Нина все так же скучно смотрела мимо Наташи, не в силах начать оправдываться. Действительно, как-то часто стало так получаться, что она начала изменять их девичьему братству, скрепленному тремя годами дружбы… Но тут уж ничего не попишешь: появился третий, о чем Наташа еще не знала, и как ей тут объяснить — да никак не объяснить, — что он для Нины дороже подруги, что это ее будущее, любовь и надежда, да и огорчать Наташу не хочется… И Нина молчала.
Поняв, что за ее молчанием ничего хорошего не последует, Наташа повела атаку: начала с жаром уговаривать Нину, пытаясь переманить на свою сторону колеблющуюся, как ей казалось, подругу:
— Ну Нинк, пойдем, зайдем в "Дельфин", по чашечке кофе трахнем, по двойному, а? В киношку можно завалиться, а там придумаем что-нибудь. Уроки кончились! Пойдем, а? Ну чего ты? Бросай эти свои штучки, фиг ли ты…

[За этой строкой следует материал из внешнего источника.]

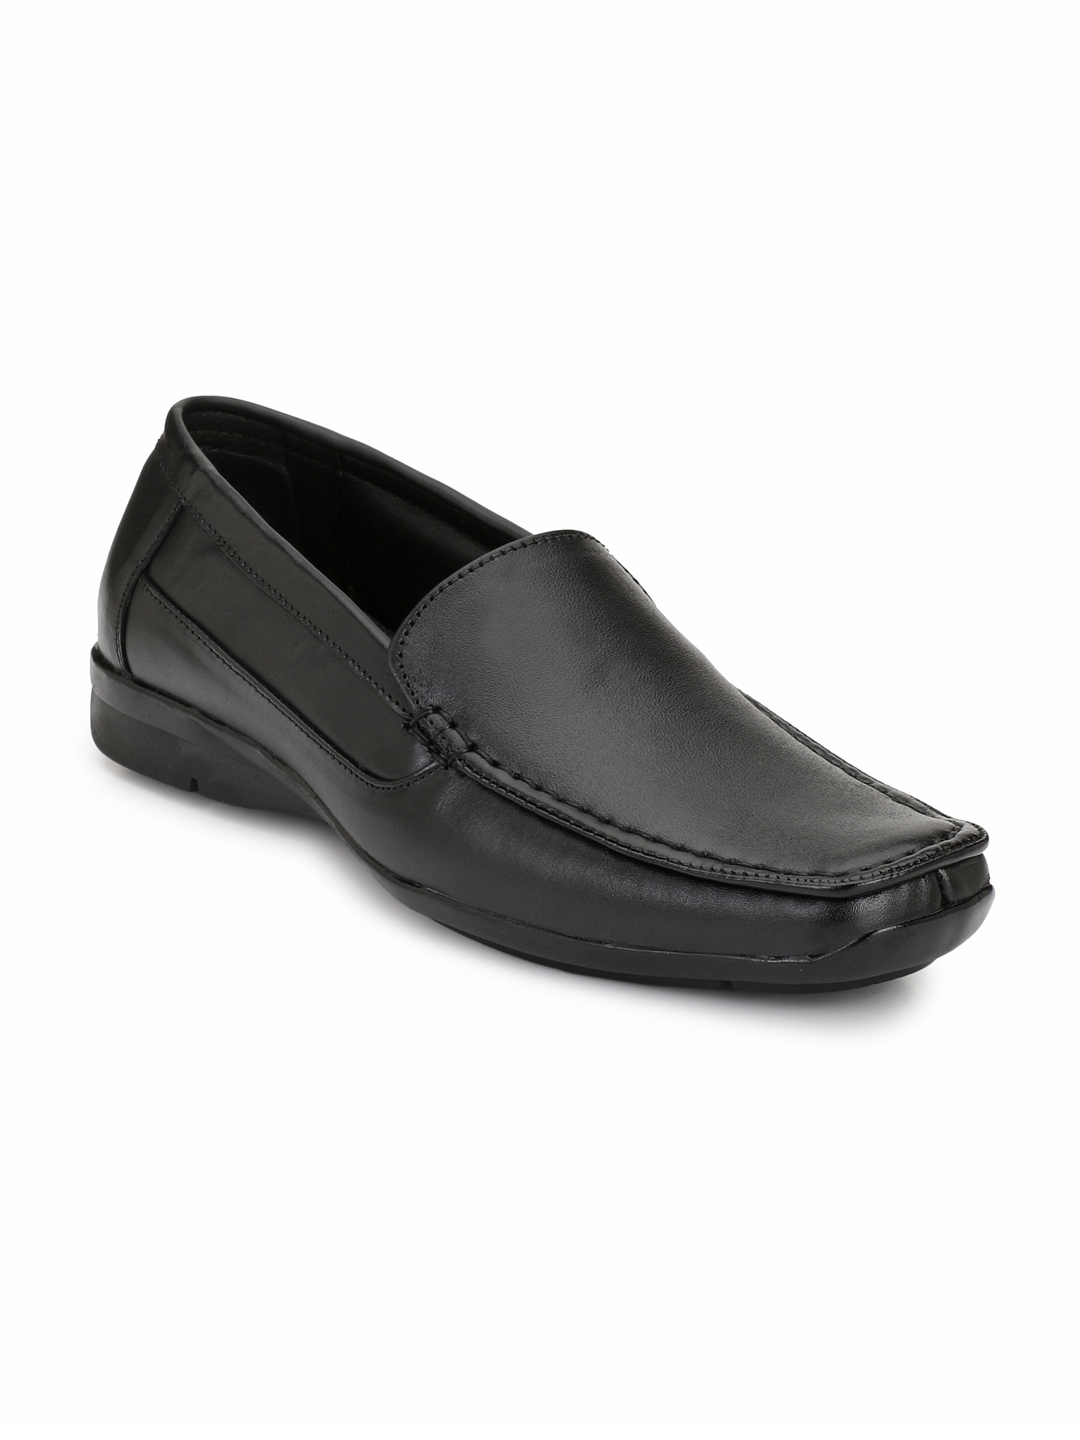 Buy Eego Italy Men Black Formal Leather Slip Ons - Formal Shoes for Men ...

Нина вздохнула. Да, раньше она, конечно, с радостью бы, "задрав хвост", и уговаривать, и объяснять бы ничего не пришлось — они с Натальей друг друга давно без слов понимали, и желания их всегда совпадали, но сейчас… Все эти маленькие радости перекрывала одна большая, новая, неизведанная — правда, сегодня она не то чтобы радость, а наоборот, но… Нина давно уже не принадлежала самой себе, не принадлежала и подруге. Но как ей это объяснишь…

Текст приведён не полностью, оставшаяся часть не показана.